Então, na verdade o núcleo gestor tem esse papel positivo de desafiar a equipe, de sempre estar desafiando os alunos.

No momento atual, como consequência da pandemia, o grande desafio da escola tem sido o ensino remoto, como a EP tem se adaptado a essa forma de ensino?

No momento atual, as consequências da pandemia são realmente graves e desafiantes. Digamos que nós não conseguimos escapar delas emocionalmente ou até mesmo no aspecto pedagógico. Mas logo que nós recebemos esse desafio, nós começamos a dialogar (professores, coordenadores e núcleo gestor) no projeto de como nós iríamos viabilizar essa situação de atendimento ao aluno. Eu me lembro muito bem da correria que foi no dia para nós entregarmos os roteiros, os livros, que chegasse a cada aluno uma cartinha da escola para que pudesse entender o que estava acontecendo, ou seja, nós não deixamos os nossos segmentos à soltas, sem saber o que está acontecendo na escola. Mas eu acredito muito nesse momento que nós estamos vivenciando como um aprendizado para toda a comunidade.

Como ficou a aprendizagem cooperativa com o ensino remoto?

A nossa filosofia de vida, no caso a aprendizagem cooperativa e solidária, não quebrou. Nossos alunos de imediato formaram suas células cooperativas virtuais, que chegaram e disseram: “Nós vamos ajudar o nosso colega que não entende a plataforma”, “nós vamos formar um grupo para ajudar”, “vamos ajudar os professores, porque esse momento chegou de imediato”. E aí, eu diria que ficou a aprendizagem cooperativa solidária não perdeu, ela deu continuidade em grandes projetos que foram além da escola.

Para finalizar, como você enxerga a EP Giselda Teixeira daqui a 5 anos?

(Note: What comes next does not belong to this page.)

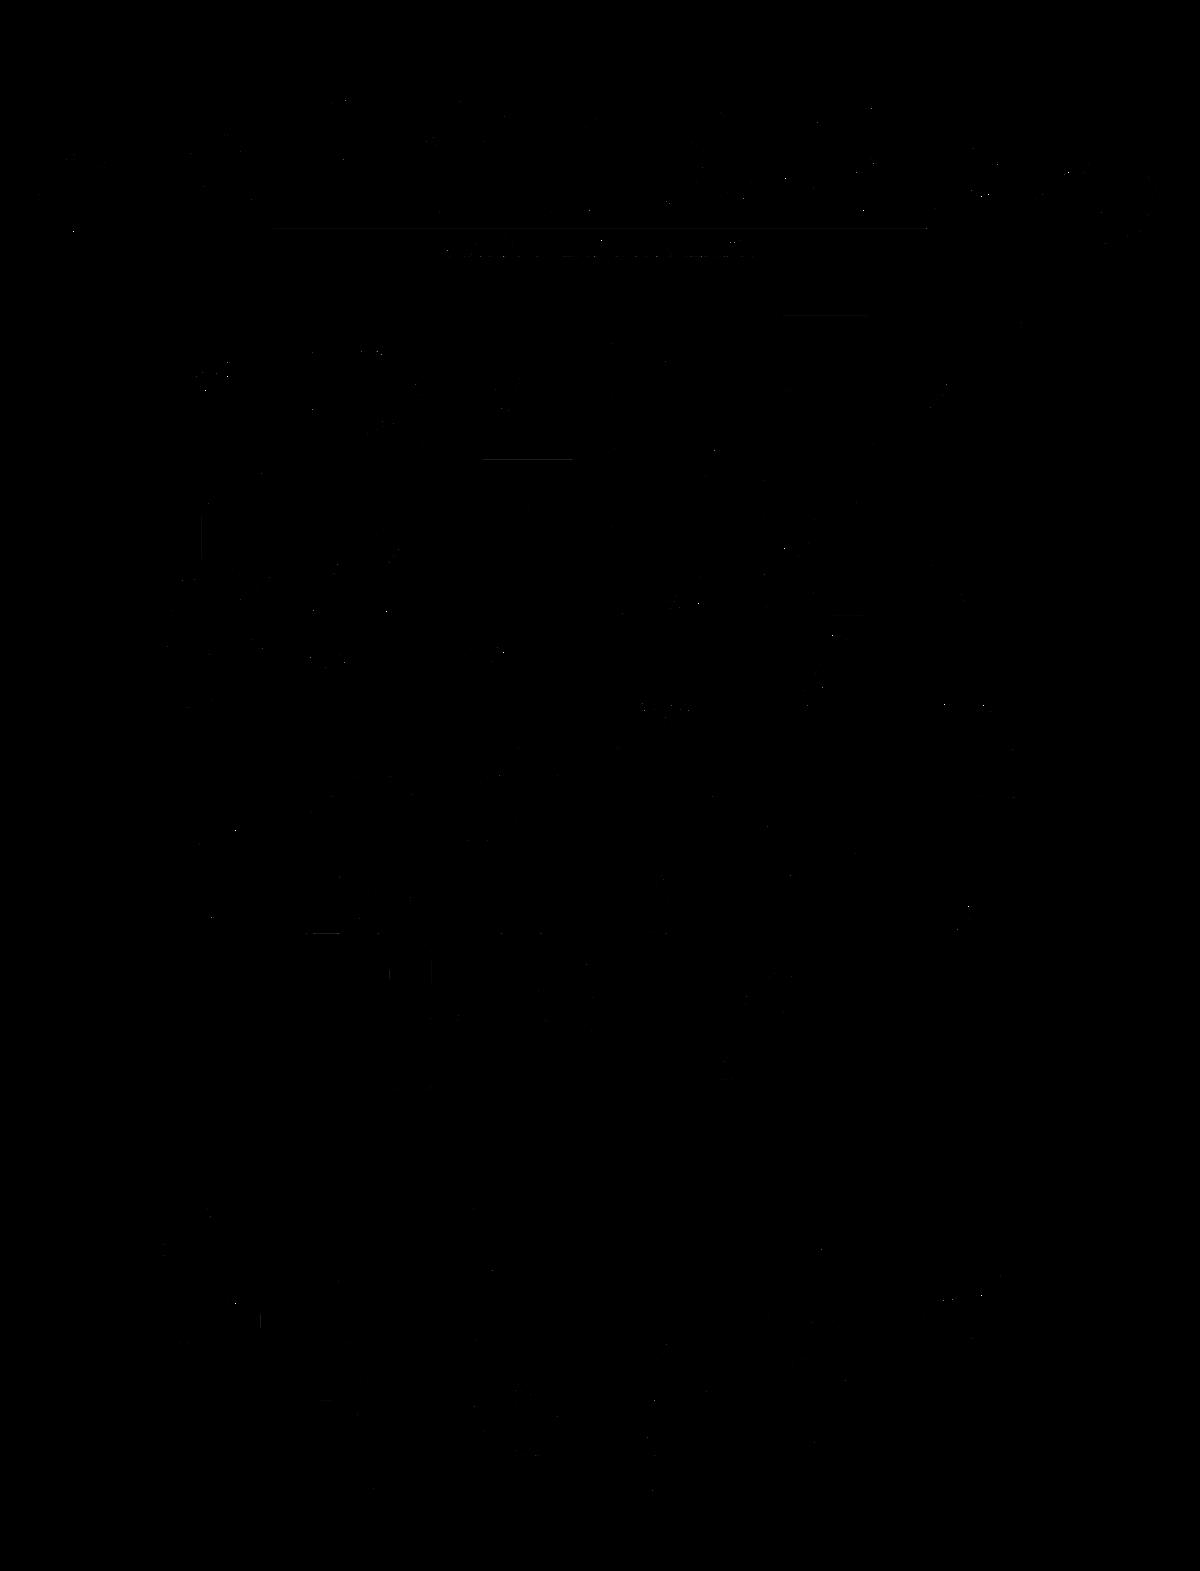 4496 Ejemplo de elementos quimicos furthermore Pedagogia Libros Pdf Gratis further Langosta Voladora additionally Pintura Rupestre likewise 40308 Vw Mexico 50 Anos De Historia. on historia de mexico

Enxergar a EP Giselda Teixeira em cinco anos é enxergar uma escola tecnológica, mas não tecnológica “seca”, mas sim, com maior poder de assertividade, com maior poder de emoção, com maior poder de juntar, com maior poder de se solidarizar.

Então, essas minhas palavras. Agradeço e estou à disposição. Desejo tudo de bom nesses três anos em que nossa escola existe. Parabéns a todos, parabéns a todos que contribuíram para que nós estivéssemos vivenciando esse momento tão importante.